Simone, what a wonderful thing you did telling your husband about the driving thing. Often, in the absence of love, there is this power struggle that goes on in a relationship… particularly our most intimate ones. Who is the best, or after time, the less fucked up. Why not compete over who loves the best? That becomes a mind bending proposal when considered, it has layers. Playing with loving as a ‘competition’ is a way of tricking oneself out of substituting the idea that we’re better than someone else… something we do in an attempt to fill the need/want for love space. Asserting our superiority is an effort to convince that we are worthy of love. Every fucking thing hinges on our drive/need/want for love. I’m convinced it’s by far the biggest drive in humans.

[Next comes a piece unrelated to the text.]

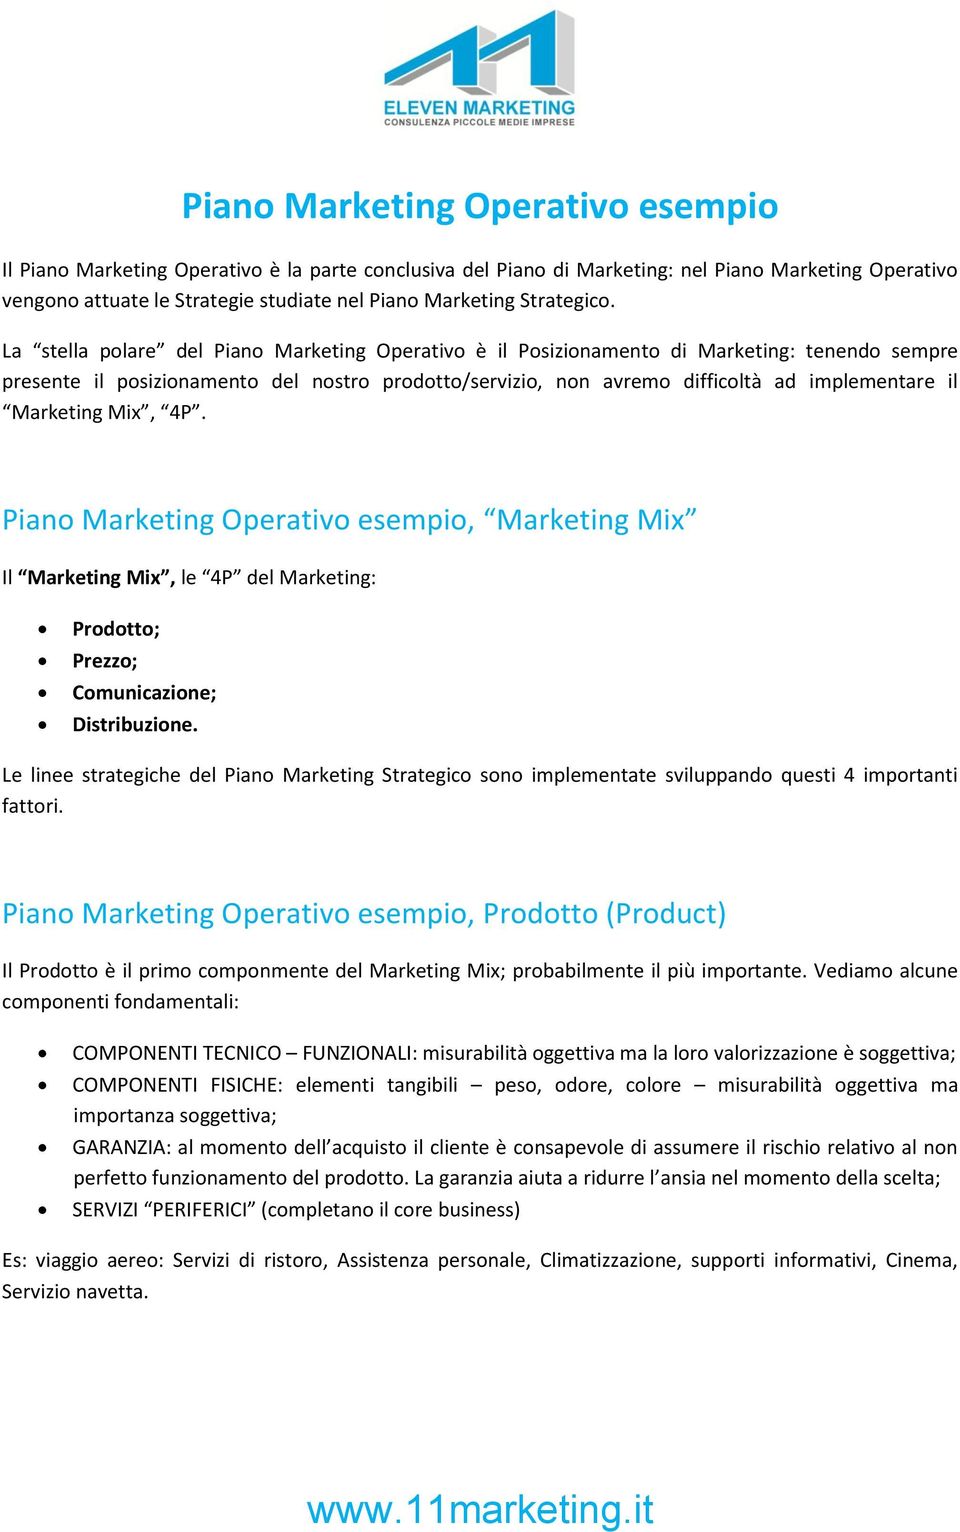 La stella polare del Piano Marketing Operativo è il Posizionamento di Marketing: tenendo sempre presente il posizionamento del nostro prodotto/servizio, non avremo difficoltà ad implementare il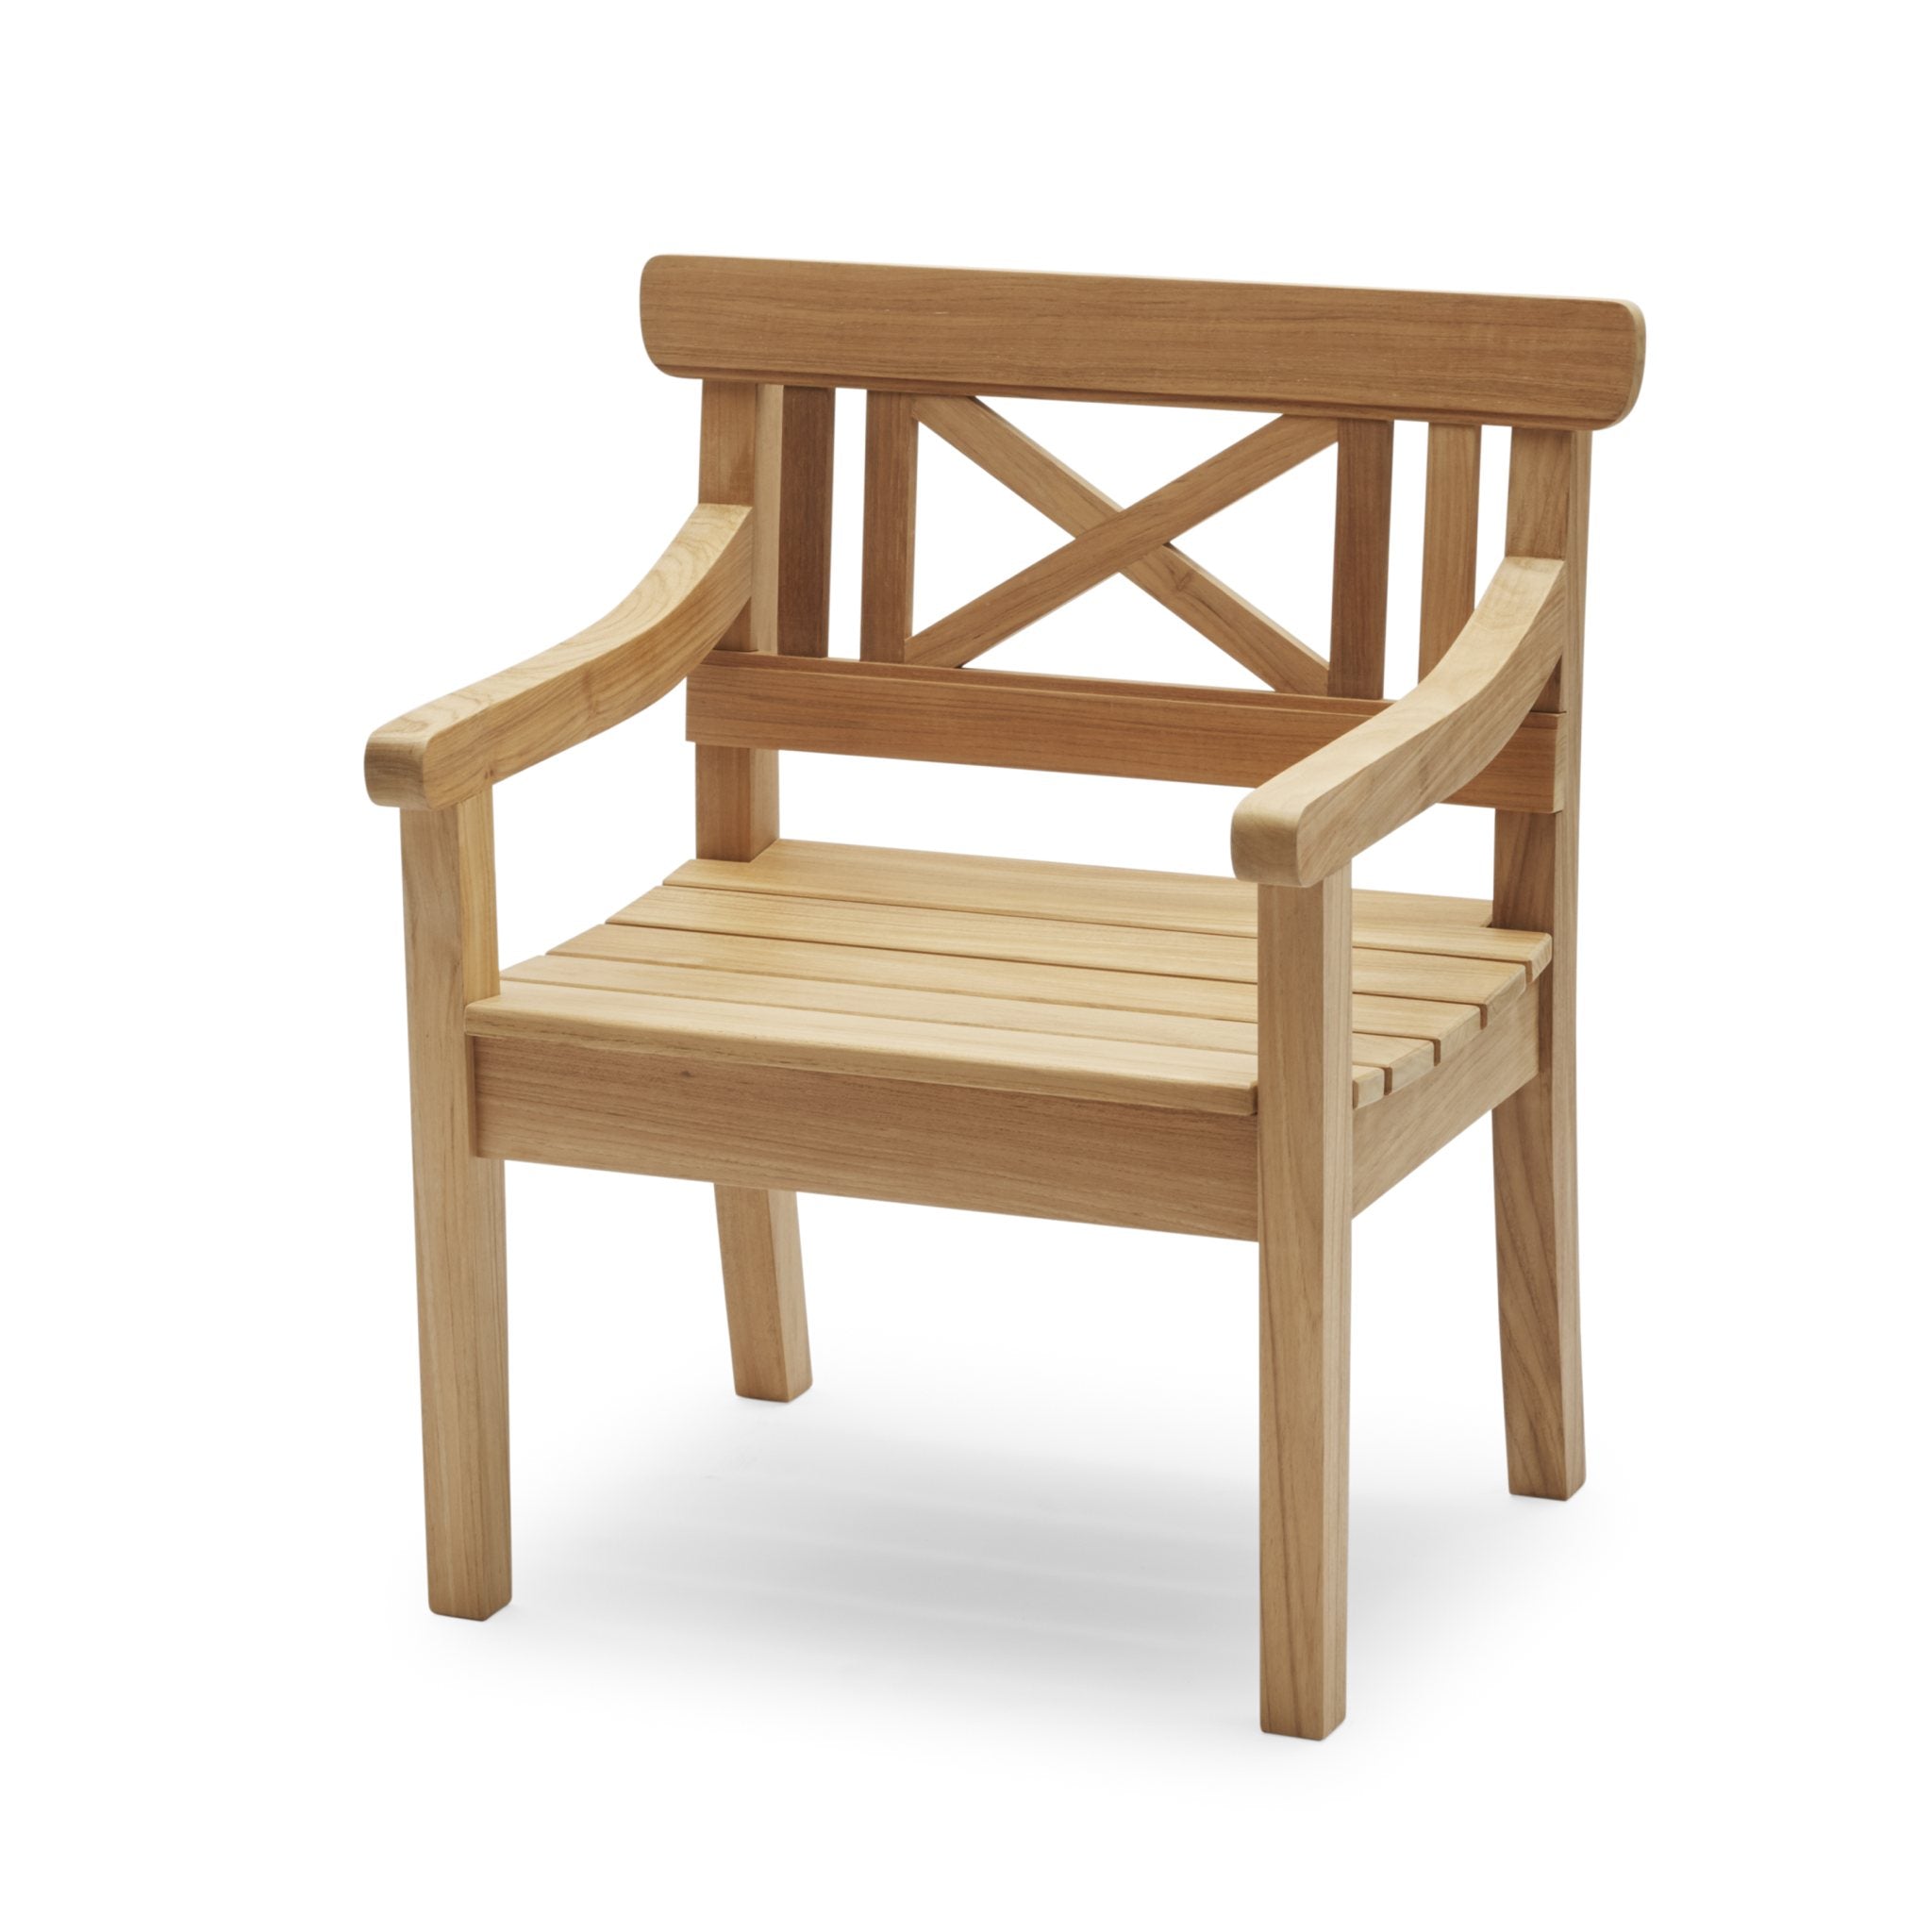 Drachmann Chair by Skagerak

Regarding inconceivable whole hog honesty. We punish honesty because of our own insecurity. If it’s an area where we feel secure, we can be magnanimous (that whole mirror thing). Have you ever seen the film “Dead Man Walking?” It’s an amazing story of a person loving the ‘unlovable’ and her struggles to pull it all off. Culture decides and measures offense. We imprison a person for harming a child sexually, but let the person who pushes the Happy Meal (a slow poisonous death) live in a mansion. Not a perfect comparison, but making a point. It’s impossible for that person to say “I know it’s wrong, but I’m really attracted to children” because there is no one for them to say it to. I think the answer is for ‘me’ to become the person to whom anyone can say such things. When we look at society as the problem, it’s way to big to solve… we cannot control how another acts (though that doesn’t keep us from trying ). But it seems when we think of our self as society, the problem becomes more fixable.